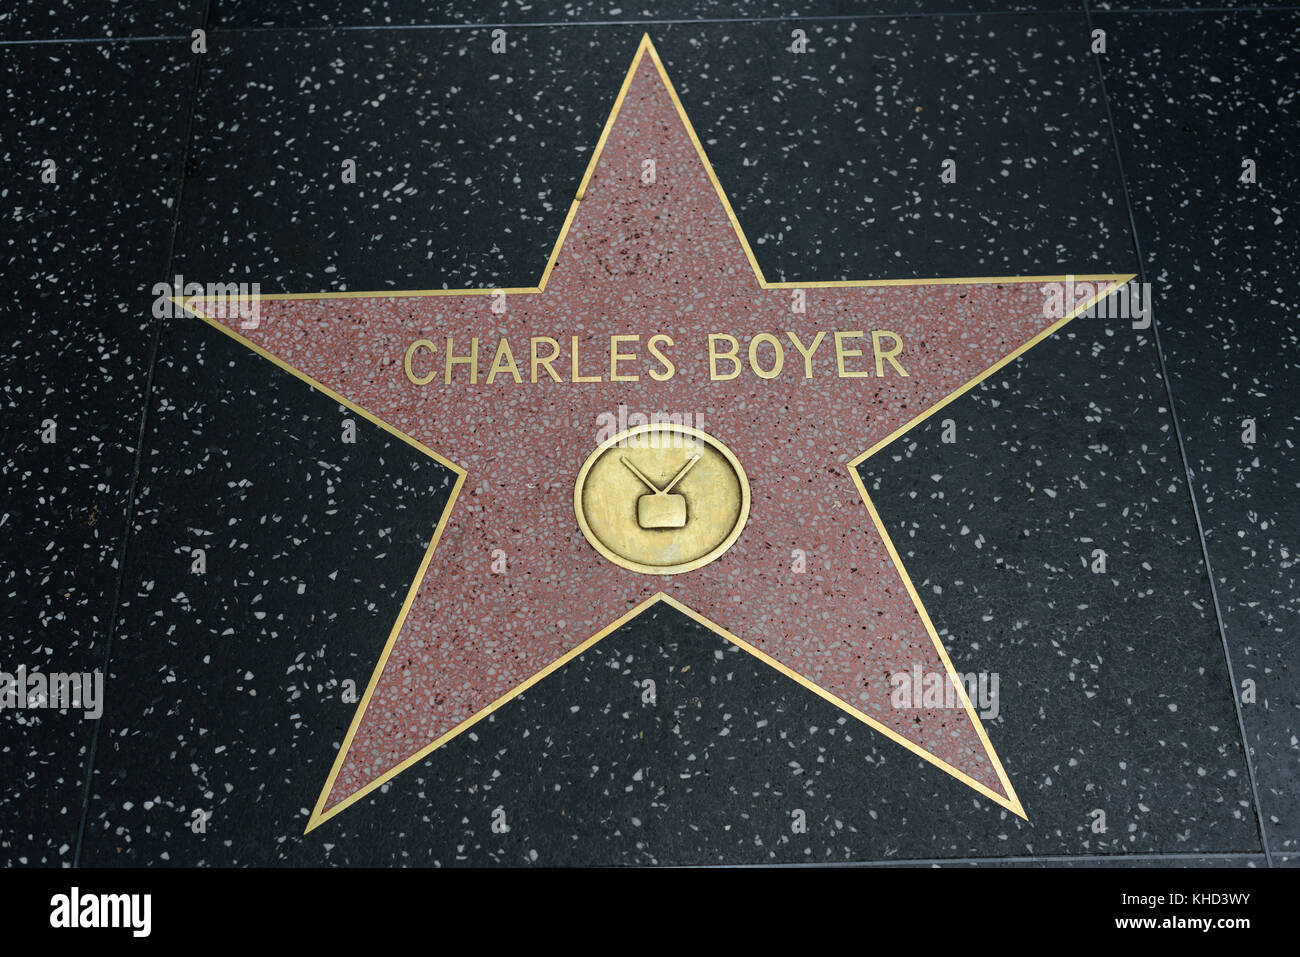 HOLLYWOOD, CA - DICEMBRE 06: Charles Boyer stella sulla Hollywood Walk of Fame a Hollywood, California il 6 dicembre 2016. Foto Stock
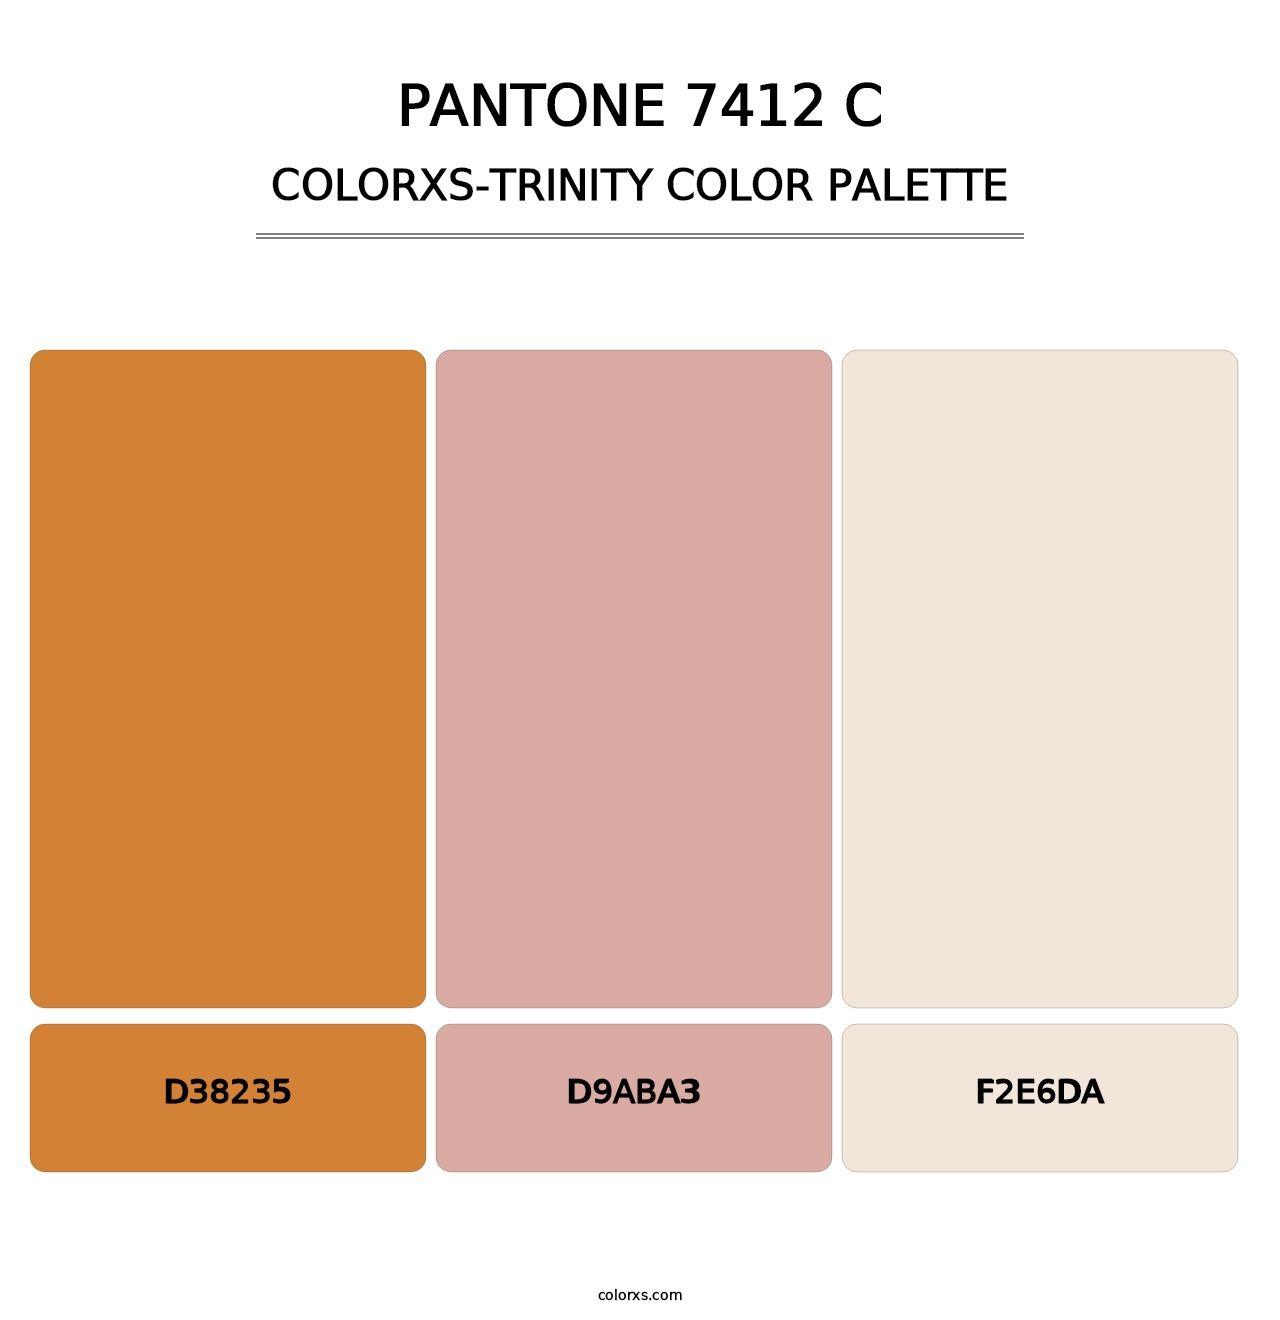 PANTONE 7412 C - Colorxs Trinity Palette
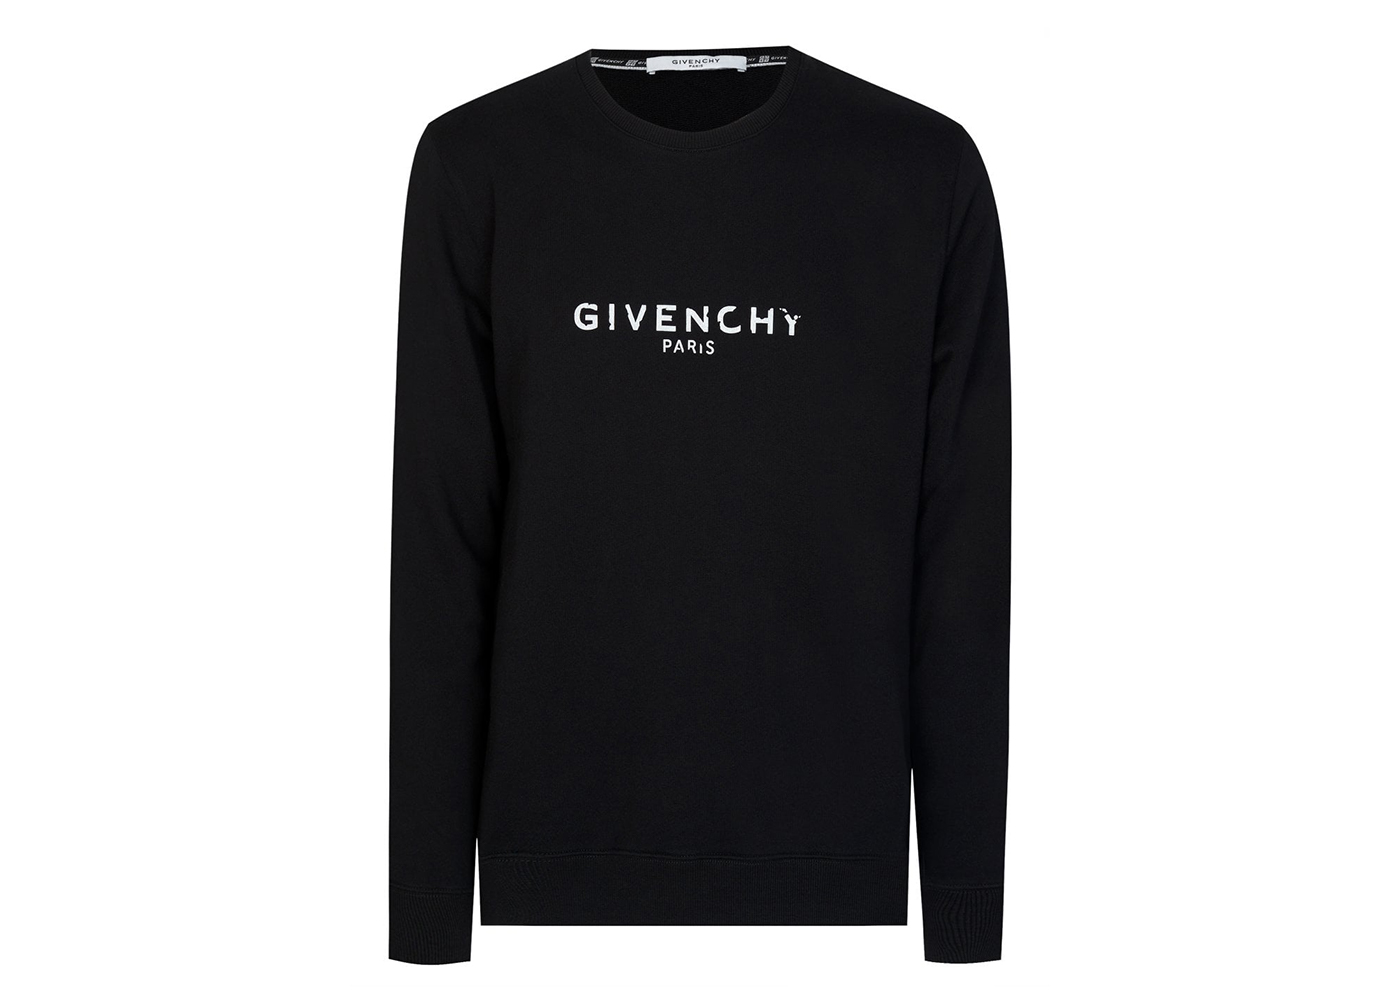 Givenchy Paris Logo Crewneck Black
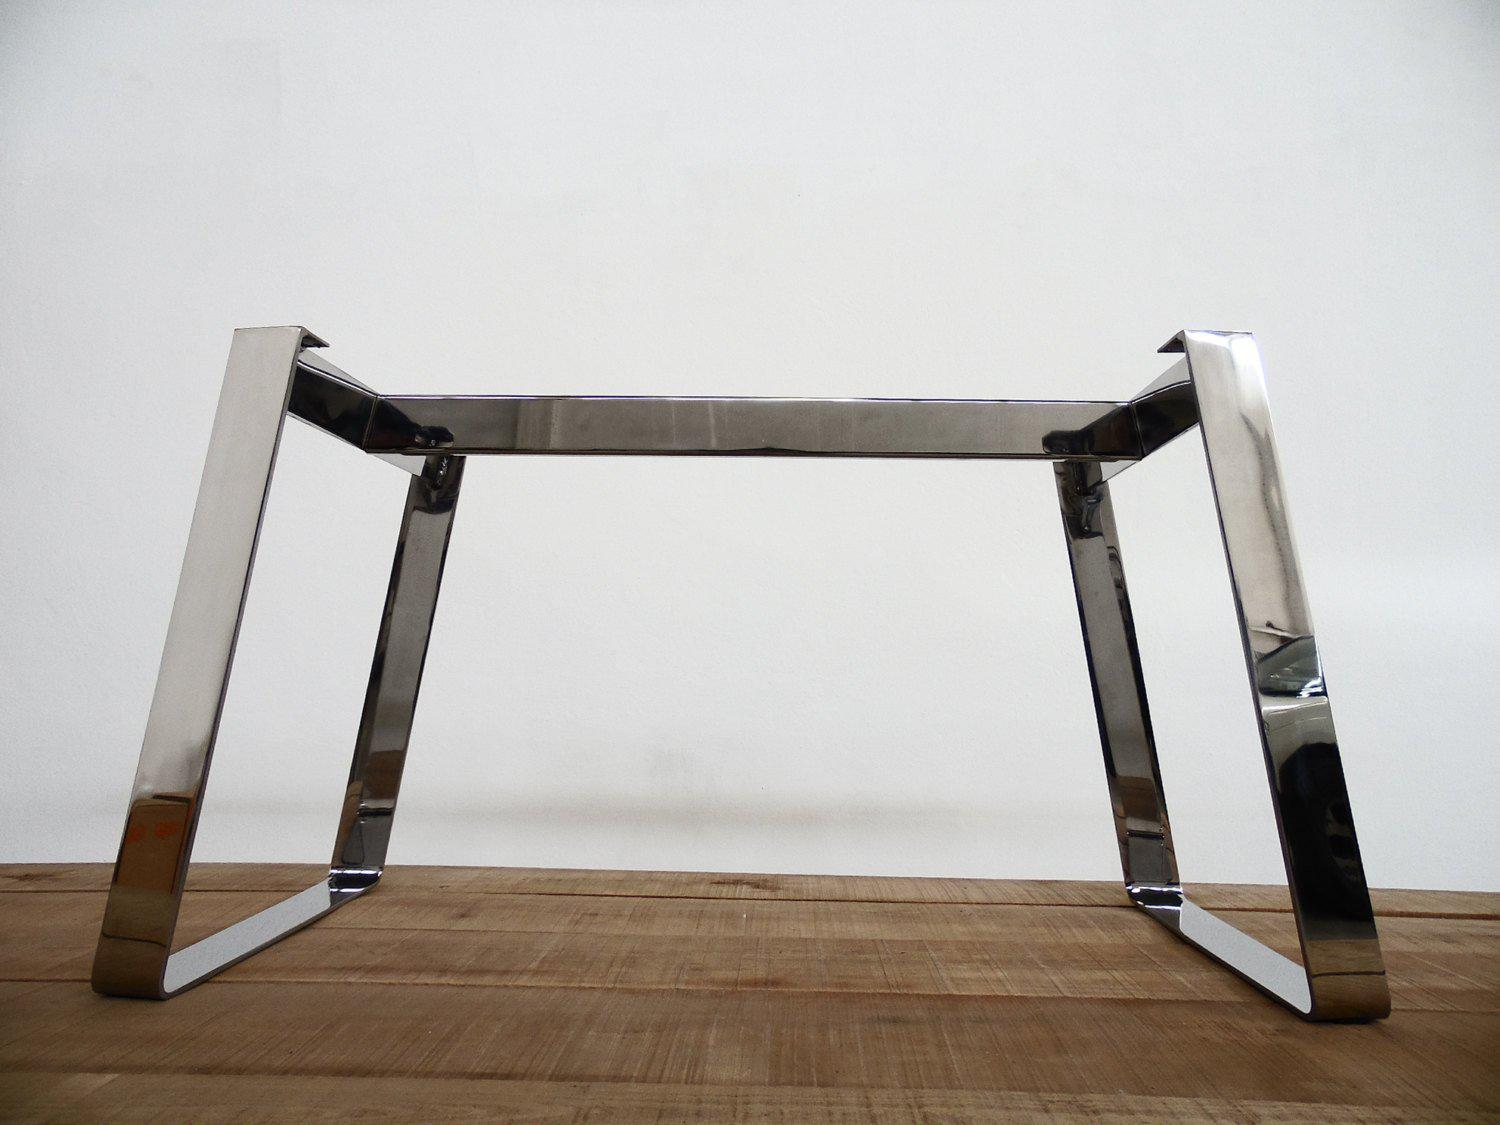 Stainless Steel Table Legs
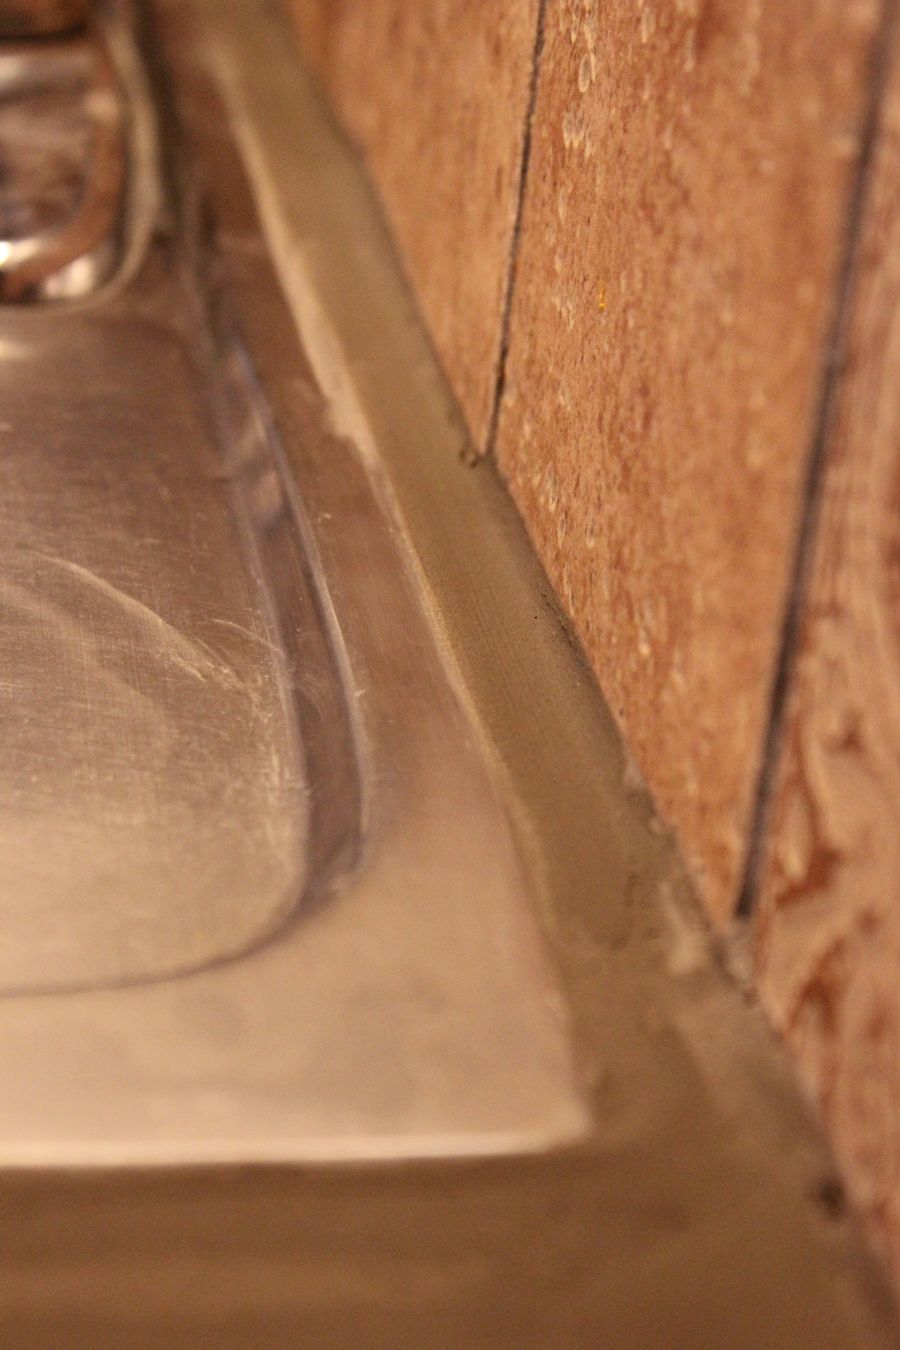 DIY Concrete Kitchen Countertops use your fingers

THE PROBLEM
Apart from the pictures, every line above must be printed exactly.

ANSWER TO THIS EXERCISE
 HOLLYWOOD, CA - DICEMBRE 06: Charles Boyer stella sulla Hollywood Walk of Fame a Hollywood, California il 6 dicembre 2016. Foto Stock
 PANTONE 7412 C - Colorxs Trinity Palette
 Givenchy Paris Logo Crewneck Black
 Stainless Steel Table Legs
 DIY Concrete Kitchen Countertops use your fingers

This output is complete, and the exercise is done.